Companies may miss 20 percent of network printers

Stealth printers damage profits, compliance

See correction below

It's 10:30 a.m. Do you know where your printers are? In most enterprises, the answer, sadly, is "No." Even worse, IT's inability to locate and track printers is costing companies thousands -- even millions -- of dollars a year.

A new product from Netaphor Software could change that. SiteAudit is an agentless printer lifecycle management tool that runs on Windows 2003 Server and scans networks using standard protocols, back-channel communications, and device- and vendor-specific identifiers to find "direct connect" printers that often get missed, said Brian Anderson, Netaphor's vice president of sales and marketing.

Midsize enterprises are undercounting their inventory of multifunction devices, with direct-connect printers, scanners, faxes, and copiers accounting for much of the missing gear.

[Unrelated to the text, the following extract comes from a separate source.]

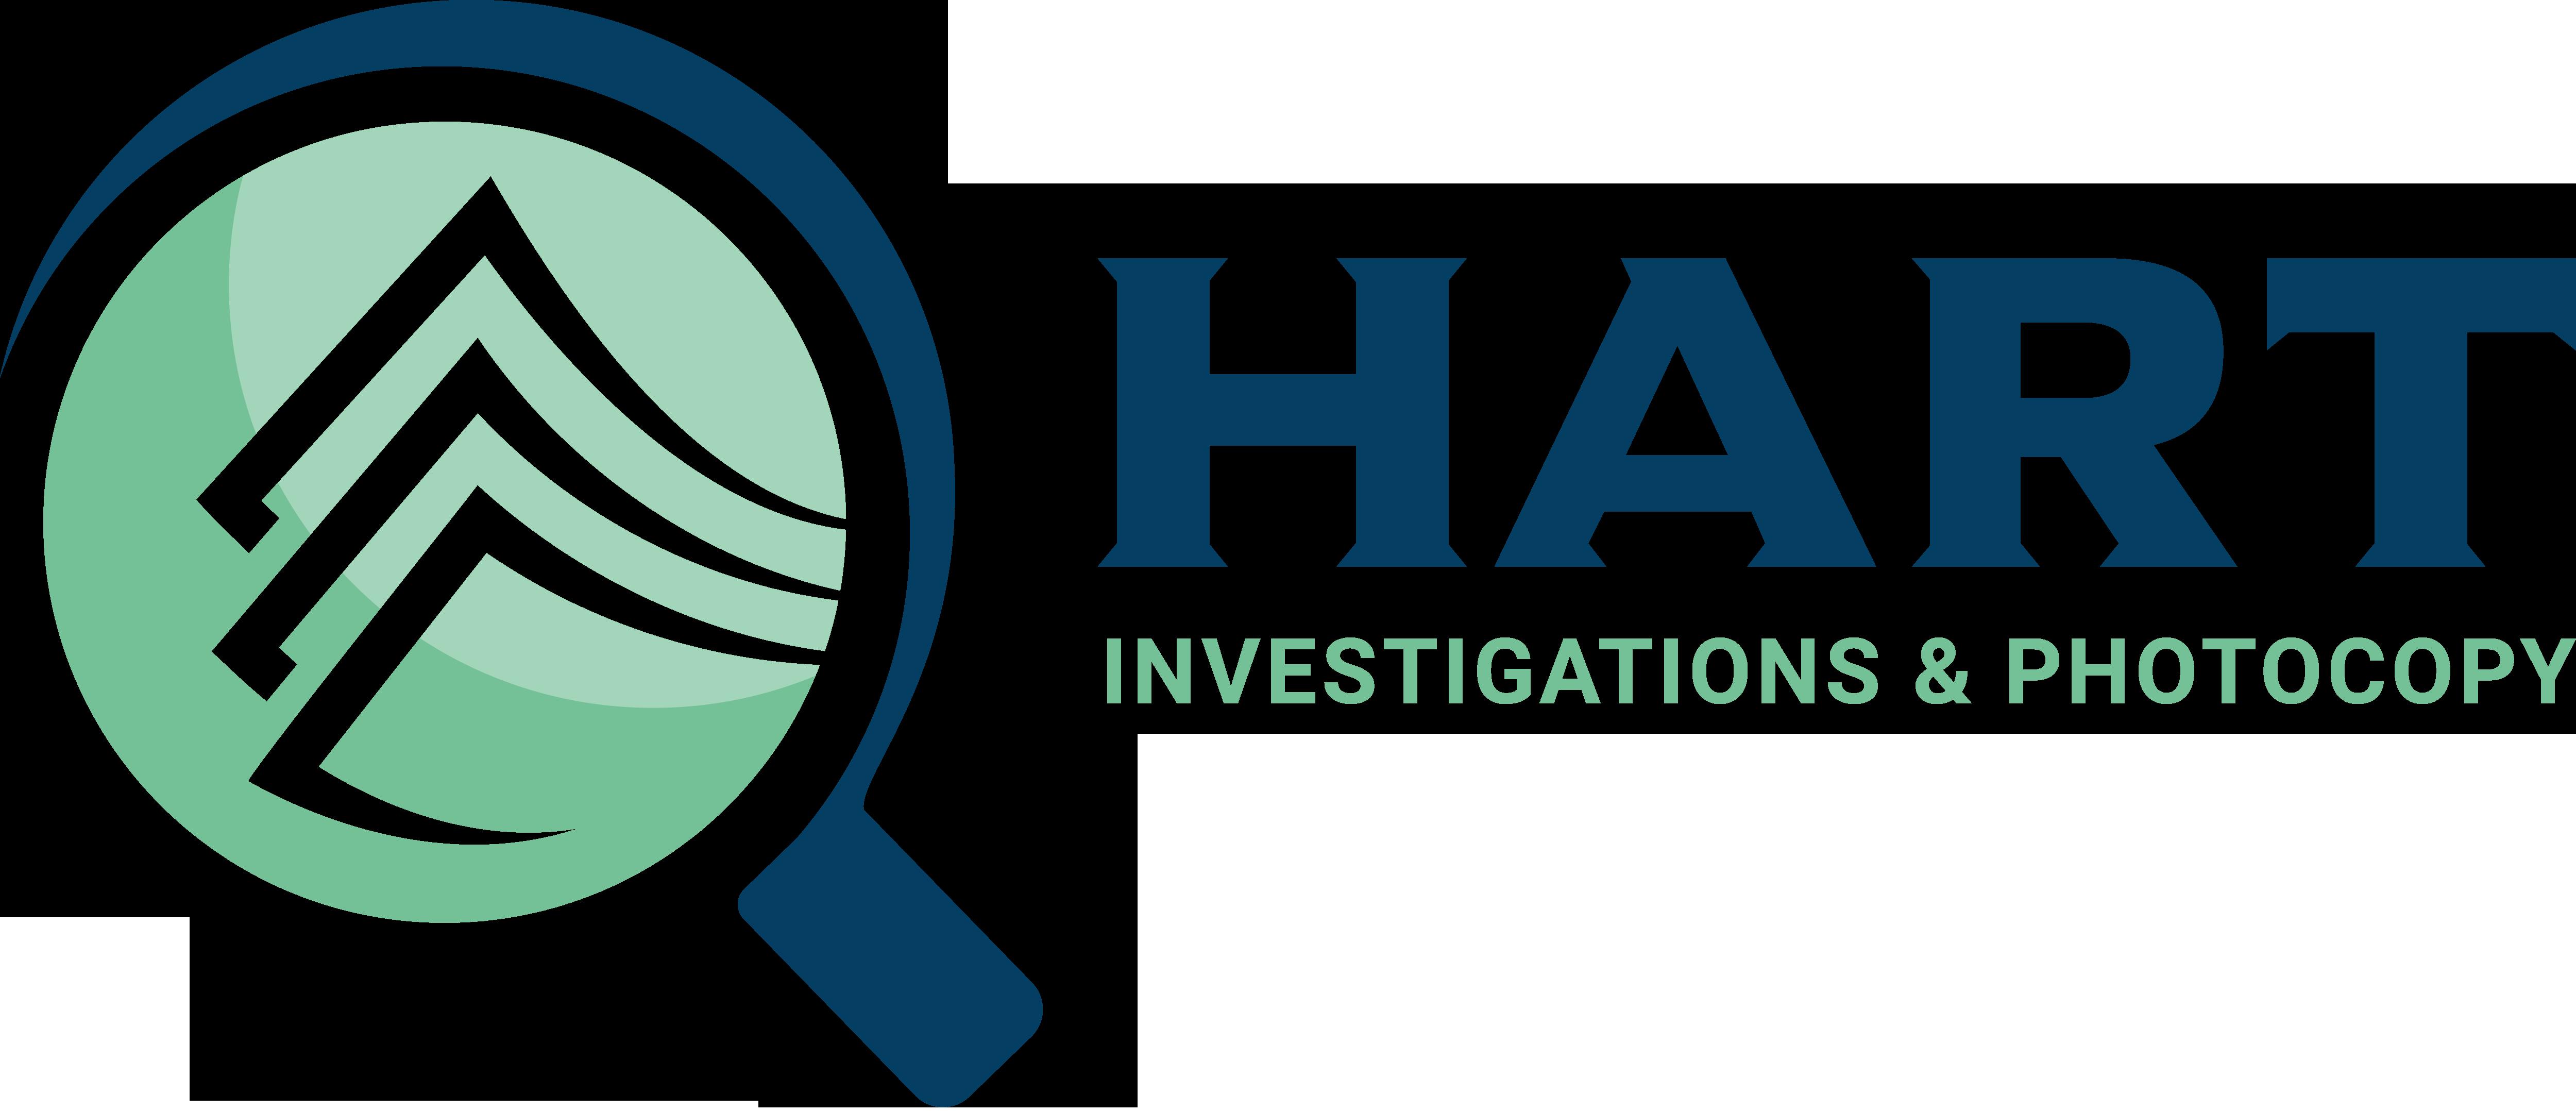 Hart Investigations & Photocopy

The number of undercounted printers varies from company to company, but Netaphor site surveys show an average of 2 to 3.5 employees per printer, with 35 percent to 50 percent of a company's printers direct-connect devices, Anderson said.

Vijay Anand, IT director at Wonderware, a business unit of Invensys PLC, said SiteAudit found 70 previously unknown printers on his company's network -- a 23 percent boost to the 300 printers the company was aware of.

"These were machines that were under the radar. People had purchased and expensed them and the IT department didn't know," Anand said.

In some cases, the printers were attached to machines that handle sensitive information, such as payroll or human resources data. In other cases, employees may have added a personal printer to avoid walking "five cubes down" to the nearest network printer, he said.

The undocumented machines can become invisible cost centers for companies, Anderson said. In one case, SiteAudit discovered that a company's third most-used printer was a low-end, HP LaserJet that was being tapped for more than 20,000 copies a month, despite a manufacturer's rating of no more than 5,000 copies a month. That kind of increased load leads to higher per-page costs, more malfunctions, and a reduced lifespan, when a high-volume printer with lower per-page costs was needed, he said.

With tough new regulations like Sarbanes-Oxley cracking down on information loss, there are also serious compliance issues arising from data and information loss from unregulated printers, scanners, and faxes, Anderson notes.

SiteAudit is available Monday and costs $5 per seat. Netaphor is working with BMC Software to integrate SiteAudit with BMC's Atrium CMDB later this year. BMC customers should be able access printer data through that company's Remedy platform by the third quarter, 2006, Anderson said.

This article was revised from its original version to reflect correct statistics from Netaphor. InfoWorldregrets the error.